Table 1 Characteristics of screened conditions and proposed variant selection strategy

The negative consequences of genomic screening can be minimized if any of the following conditions exists: (i) test performance maximizes PPV and thus results in few false positives, (ii) low-risk confirmatory follow-up tests can reduce the number of false positives, or (iii) downstream consequences of false positives are relatively insignificant. Thus, a genomic screening project could consider customizing PPV thresholds for different conditions based on the above criteria and available information about the mutational spectrum and proportion of cases attributable to known versus novel mutations ( Table 1 ). For example, for BRCA1 or BRCA2 the false-positive rate needs to be very low because risk-reducing surgery is an important management step and no confirmatory tests exist to ensure that a genetic variant is indeed pathogenic. Thus, only carefully curated lists of pathogenic variants and, perhaps, rare truncating variants (the equivalent of VSA-2) should be reported in a screening context. In other cases, the inclusion of rare, potentially damaging missense variants (VSA-4) may be acceptable, depending on the specificity of variant selection algorithms for the gene, the spectrum of pathogenic mutations observed, and the false-positive tolerance based on clinical implications of a positive screening result.

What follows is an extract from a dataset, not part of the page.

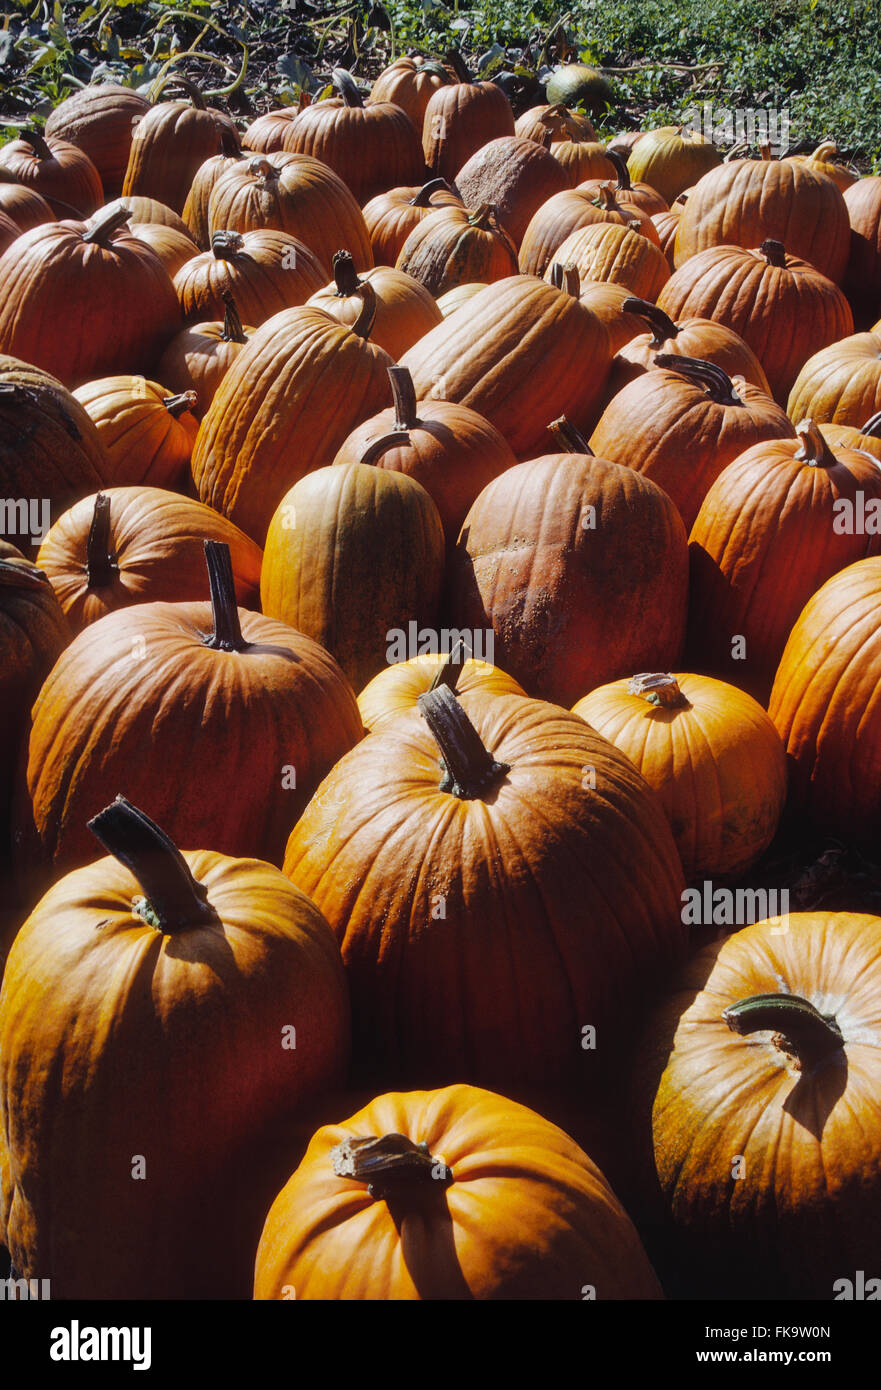 Colorful orange pumpkins lined up at farmstand Stock Photo

The argument that population genomic screening should use gene-specific false-positive thresholds requires precise measurement of the clinical sensitivity and clinical specificity of variant selection algorithms (as well as the prevalence of the condition) in order to optimize PPV. However, such estimates will likely require a data set of ≥100,000 individuals with extensive phenotypic data, which does not yet exist; the specificity estimates provided here should be considered provisional. The population being sequenced also needs to be considered—existing data sets fail to comprehensively ascertain the pathogenic and benign variants that are present in diverse populations, which will affect variant selection algorithms and pathogenicity assessments. In addition, databases of clinically relevant variants are known to have entries with misattributed pathogenicity and need to be greatly improved before they can be relied upon for screening.

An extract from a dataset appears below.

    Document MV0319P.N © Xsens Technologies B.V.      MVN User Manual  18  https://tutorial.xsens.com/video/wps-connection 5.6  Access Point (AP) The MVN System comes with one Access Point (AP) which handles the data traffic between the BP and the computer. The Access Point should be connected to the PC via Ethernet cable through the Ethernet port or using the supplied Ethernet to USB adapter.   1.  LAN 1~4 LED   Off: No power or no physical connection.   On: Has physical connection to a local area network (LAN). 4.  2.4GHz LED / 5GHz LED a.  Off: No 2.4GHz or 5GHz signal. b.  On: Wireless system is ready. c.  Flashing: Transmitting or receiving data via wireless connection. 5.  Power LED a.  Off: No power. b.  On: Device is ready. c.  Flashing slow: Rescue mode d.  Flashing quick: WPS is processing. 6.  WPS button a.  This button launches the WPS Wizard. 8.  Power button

Conclusions and future directions

Screening the general population for deleterious variants in highly selected genes holds great promise to decrease morbidity and mortality for millions of individuals. However, we must be cognizant of our limited ability to interpret the pathogenicity of rare genomic variations, the implications this has for the standards used to analyze and report genomic findings, and the downstream consequences of screening among the general population. Otherwise, great harm could result. Much additional research is required to assess the overall cost of screening efforts, including the downstream effects of false-positive tests, in order to evaluate the overall economic impact of genomic screening.23 A host of factors need to be studied, including cost-effectiveness, adverse consequences of interventions, insurance impact, education and consent materials that address the complexity of potential harms and benefits of screening, implications for reproductive choices, potential psychosocial impacts, and the benefits and harms of familial cascade testing.

In this study we addressed a small subset of highly actionable genetic conditions that we think are currently the most promising candidates for genomic screening in the general adult population. However, these results also have fundamental implications for any effort that considers genome-scale sequencing in healthy individuals. Although genomic sequencing is inherently appealing for personalized medical care, it should be initiated cautiously with rigorous attention to the predictive value of genetic variation, and with careful consideration of the implications of false-positive results across the broad range of genetic conditions that could potentially be identified.

Disclosure

The authors declare no conflict of interest.